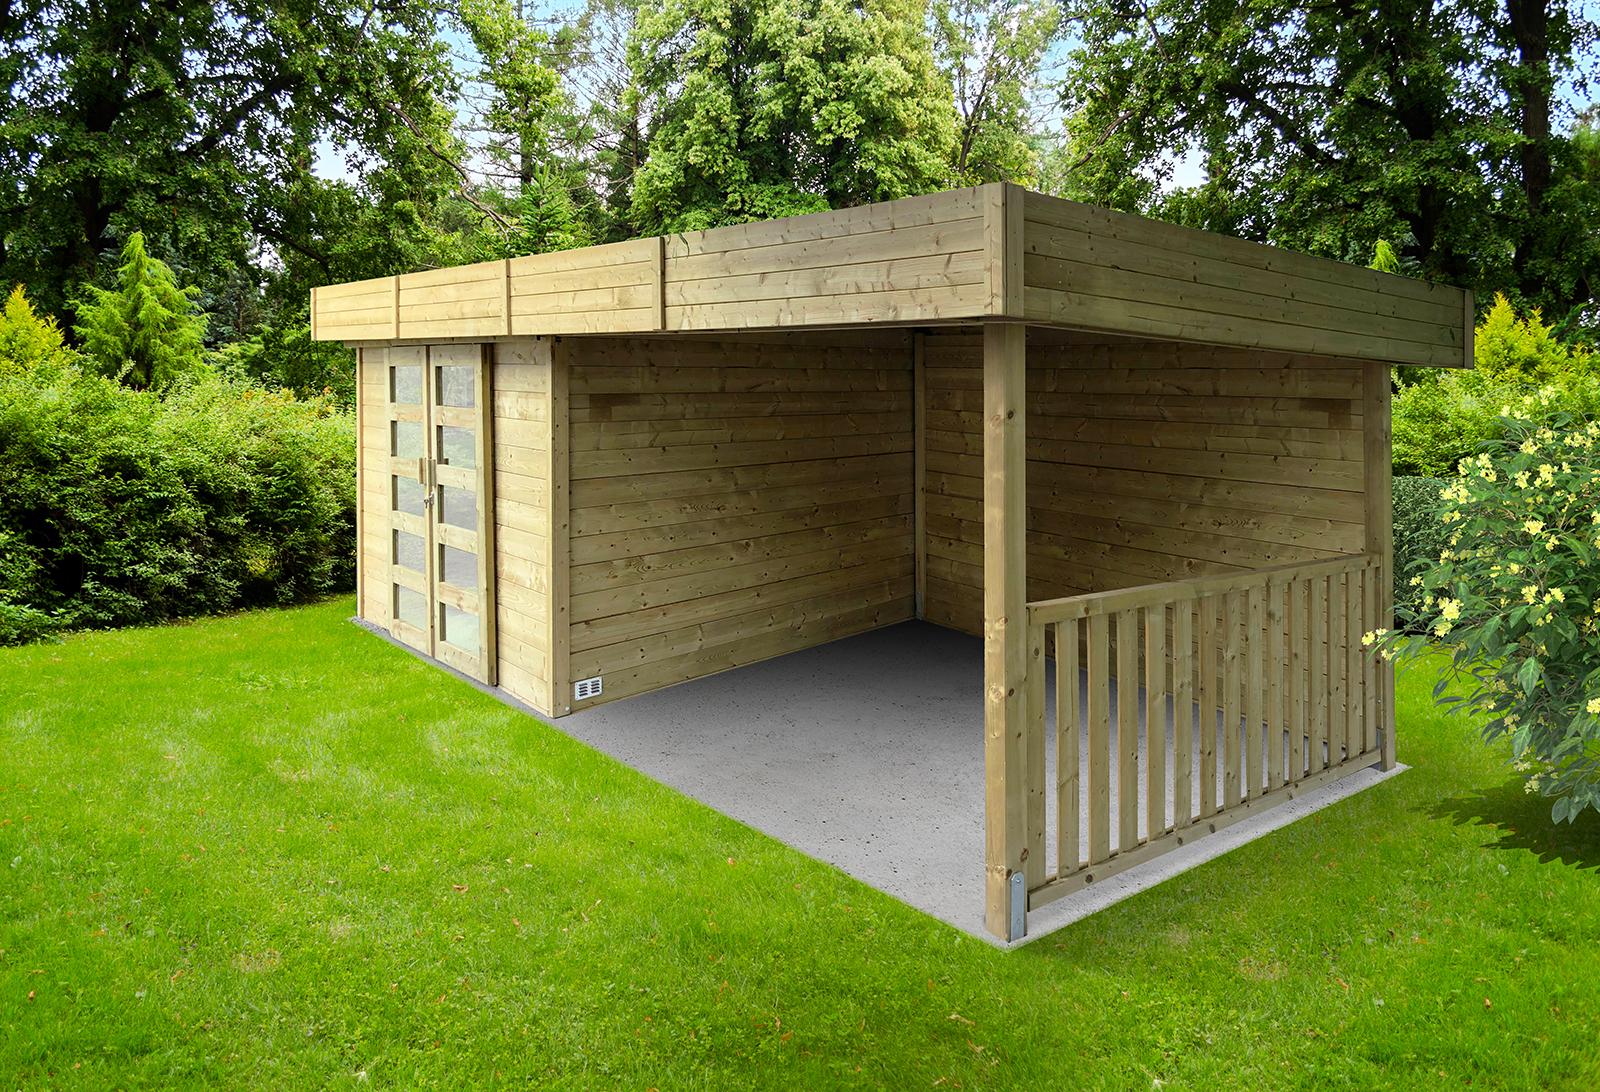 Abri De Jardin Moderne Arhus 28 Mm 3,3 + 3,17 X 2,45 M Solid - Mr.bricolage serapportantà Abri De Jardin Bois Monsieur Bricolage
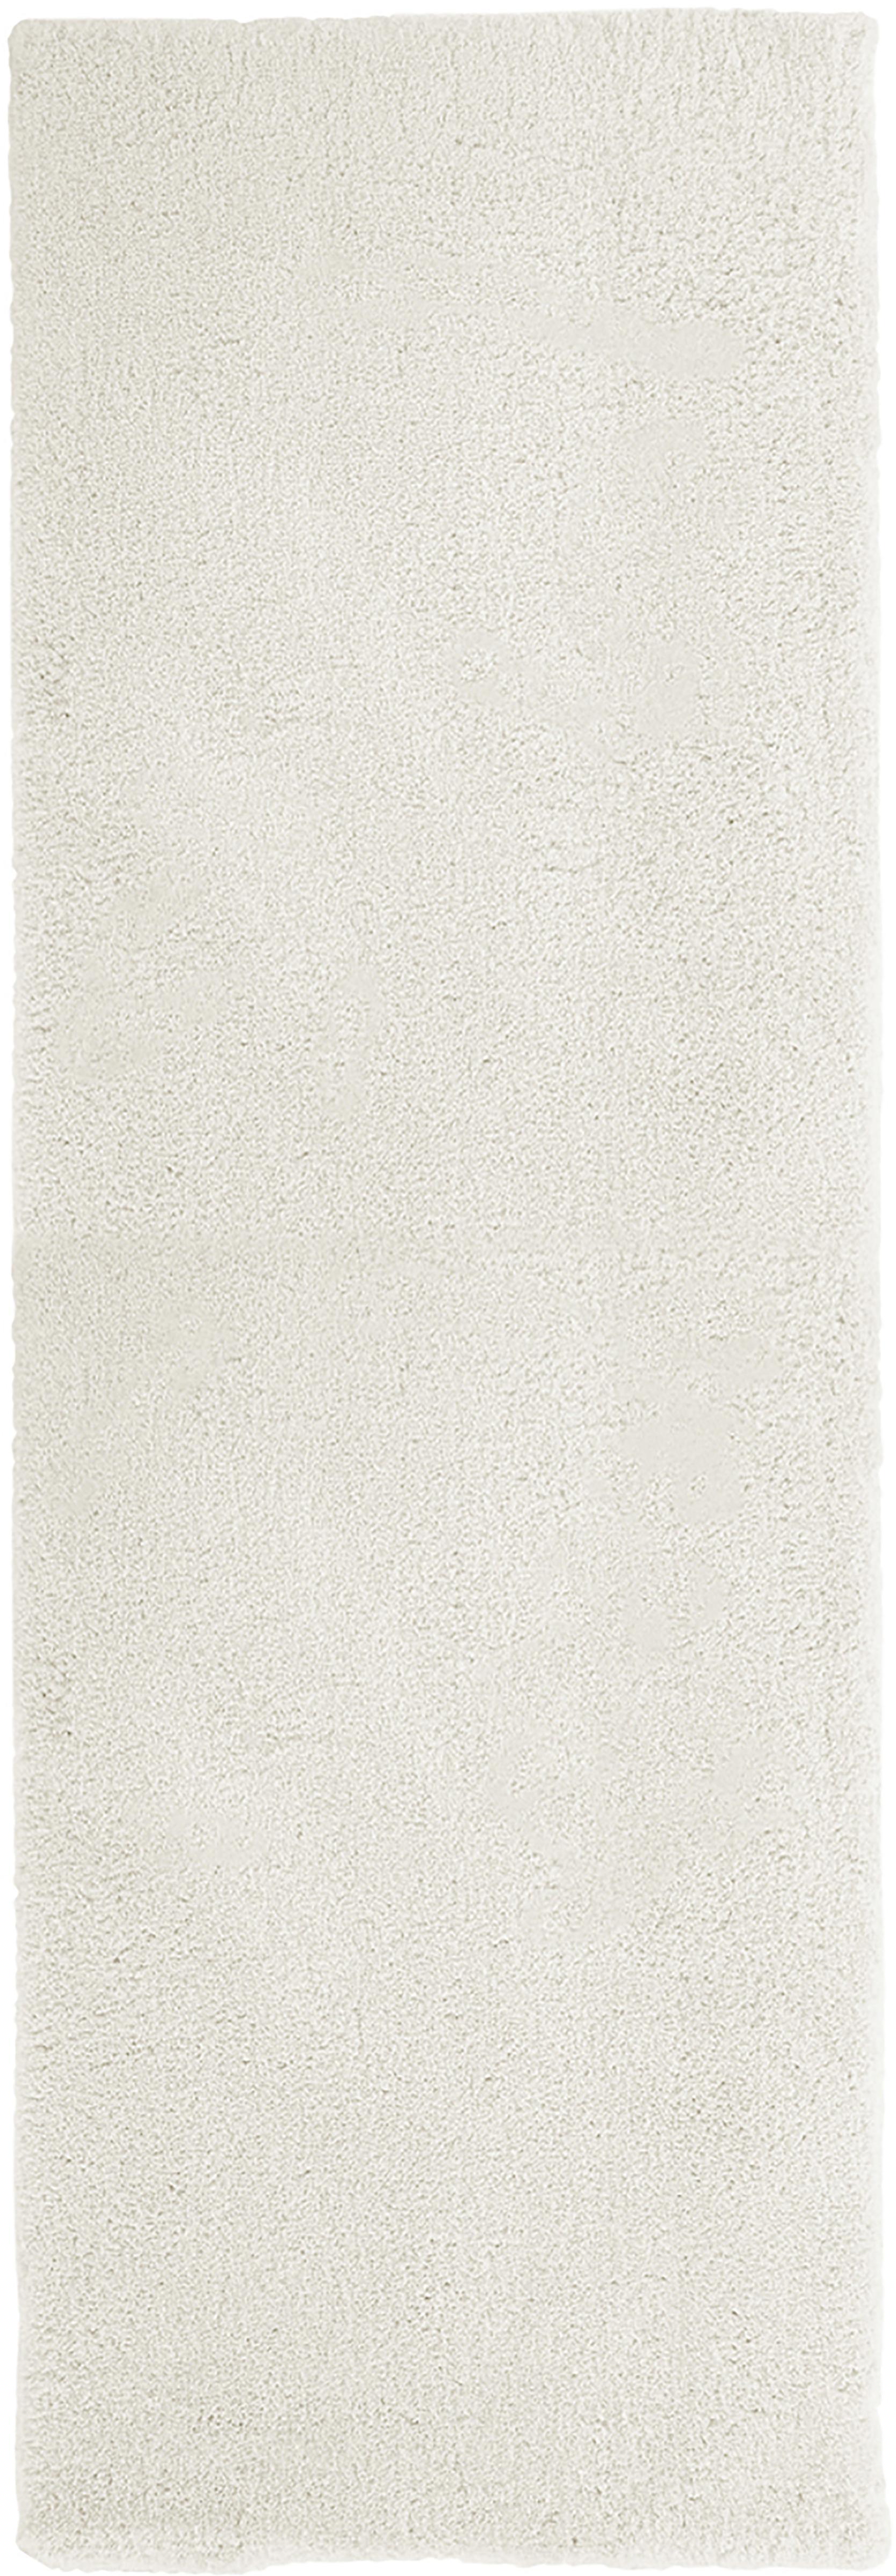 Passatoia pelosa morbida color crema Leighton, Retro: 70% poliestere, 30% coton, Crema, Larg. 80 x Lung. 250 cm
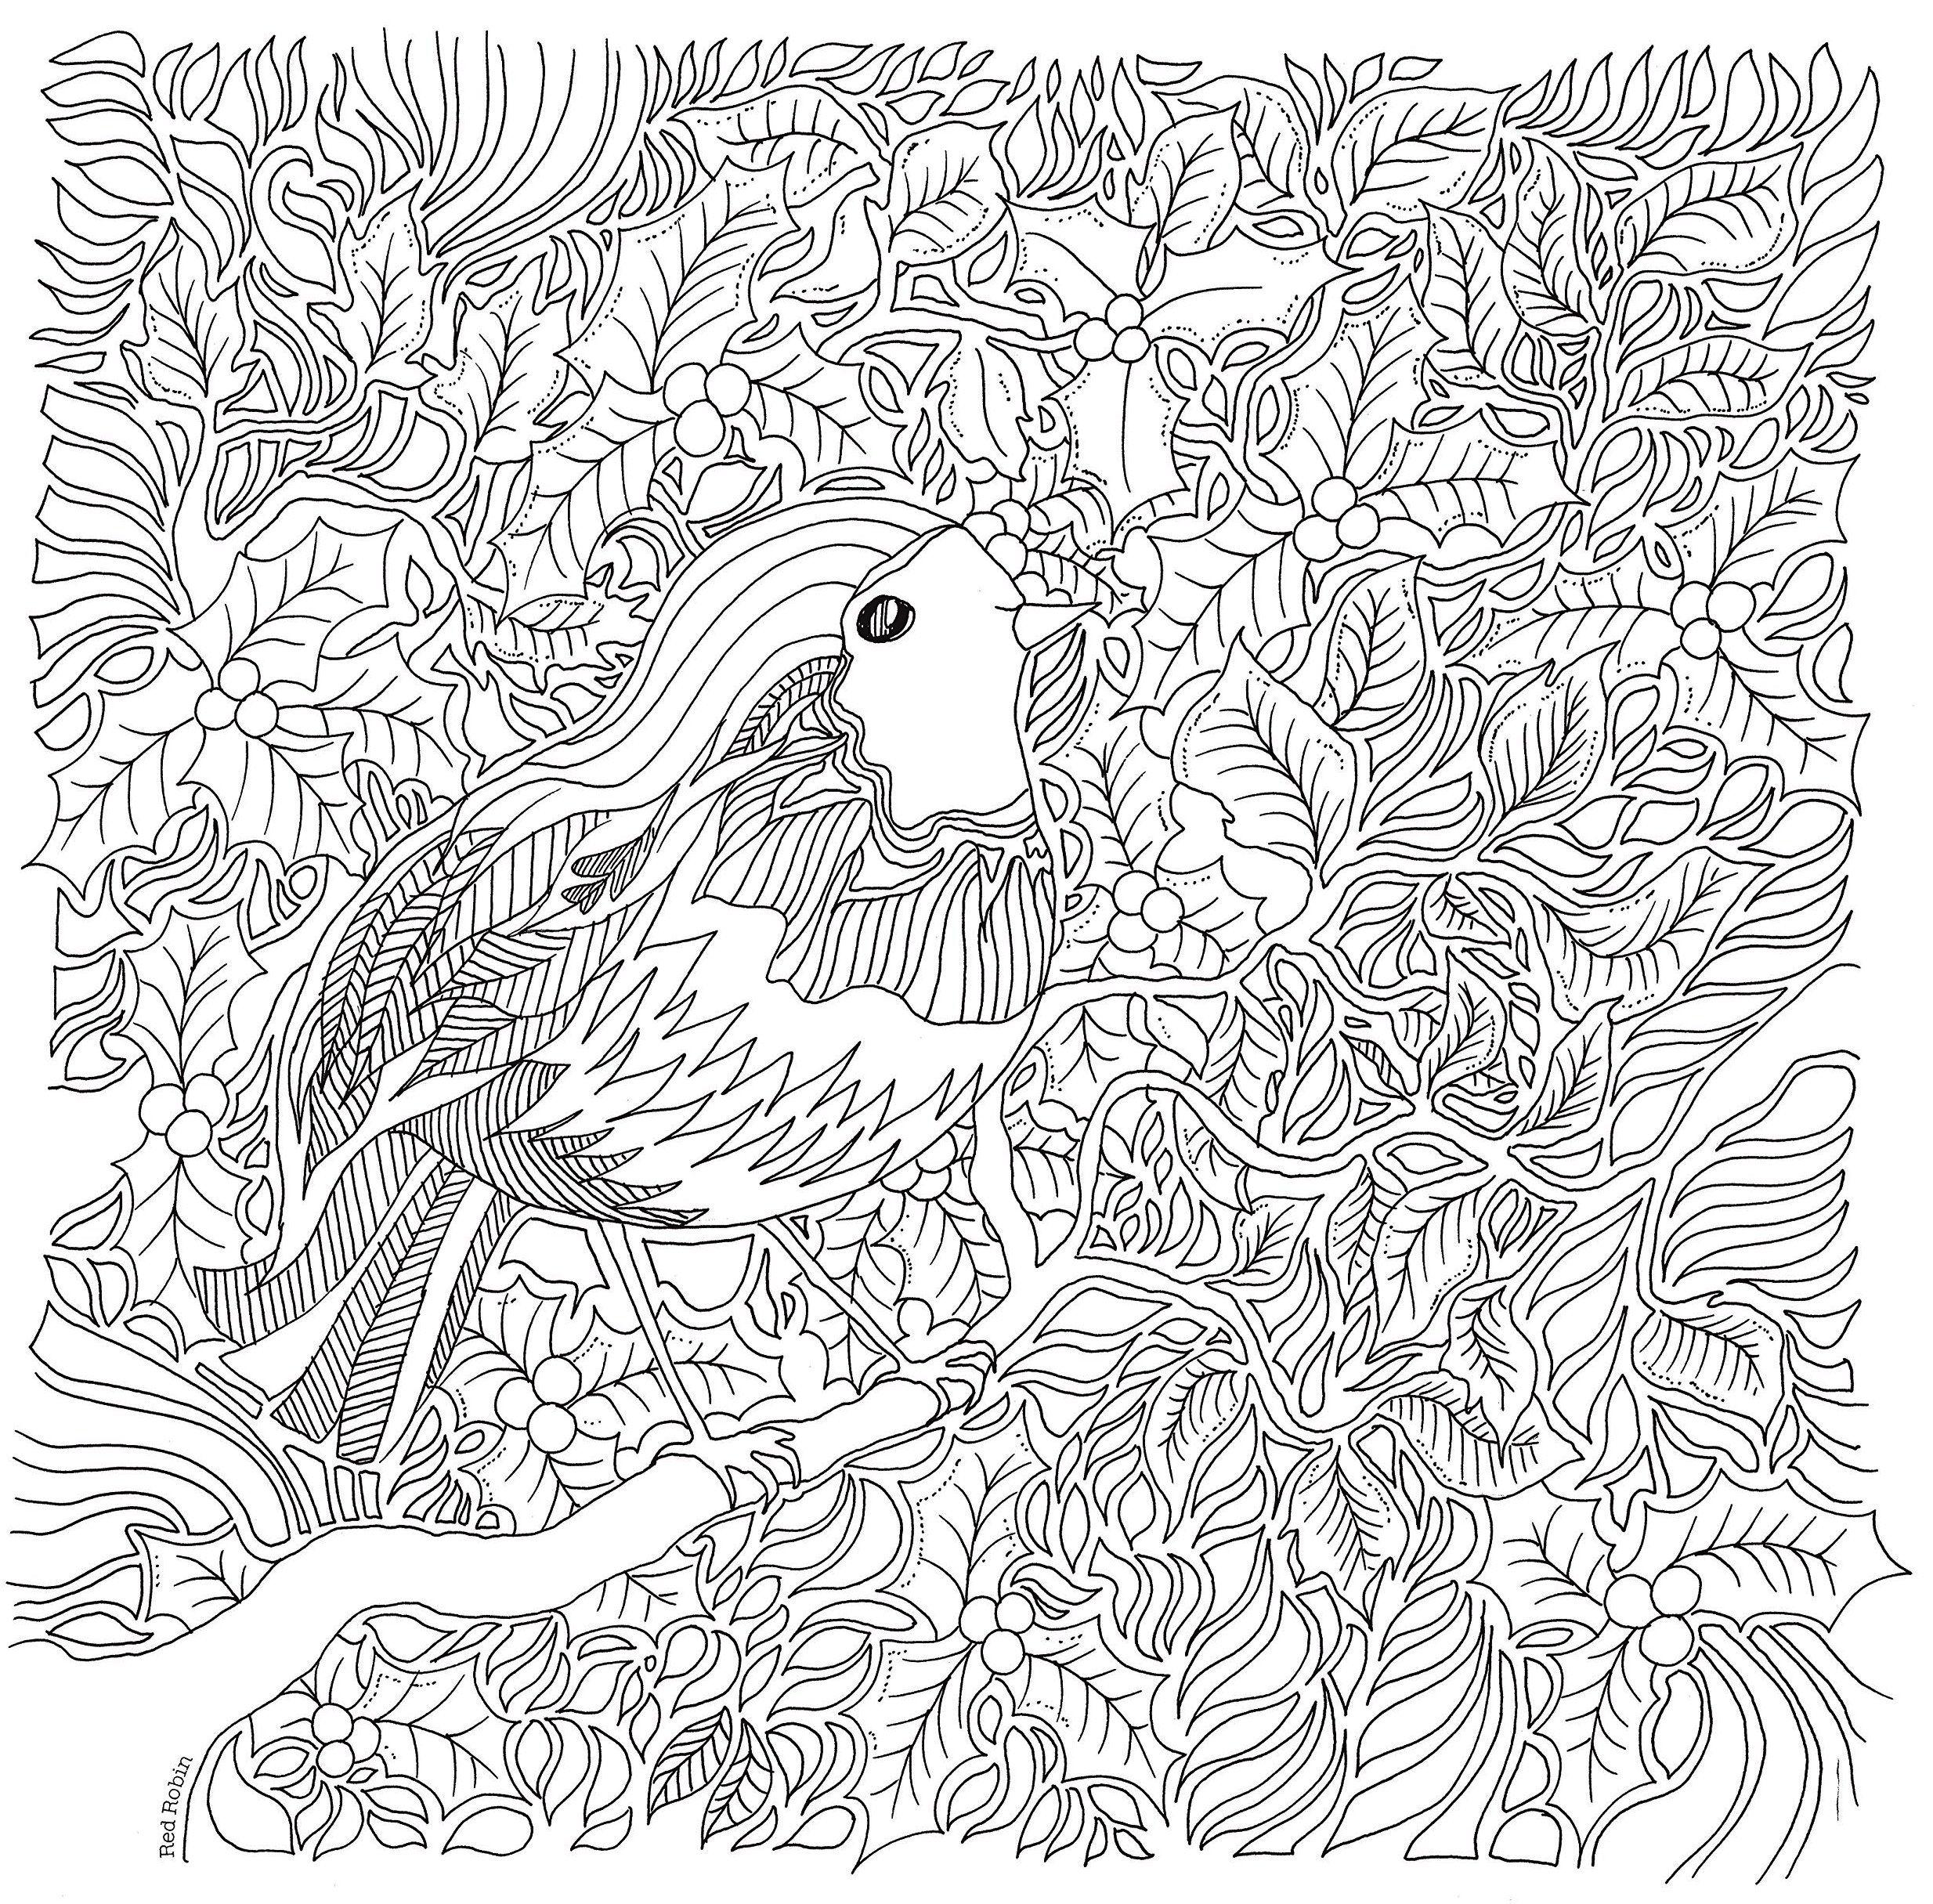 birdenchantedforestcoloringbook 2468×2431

== Problem statement ==
Only the lines starting at the one that holds "Passatoia pelosa morbida" and ending at the last line of the data belong in your answer. Please set them down exactly and omit the pictures.

== Worked solution ==
 Passatoia pelosa morbida color crema Leighton, Retro: 70% poliestere, 30% coton, Crema, Larg. 80 x Lung. 250 cm
 birdenchantedforestcoloringbook 2468×2431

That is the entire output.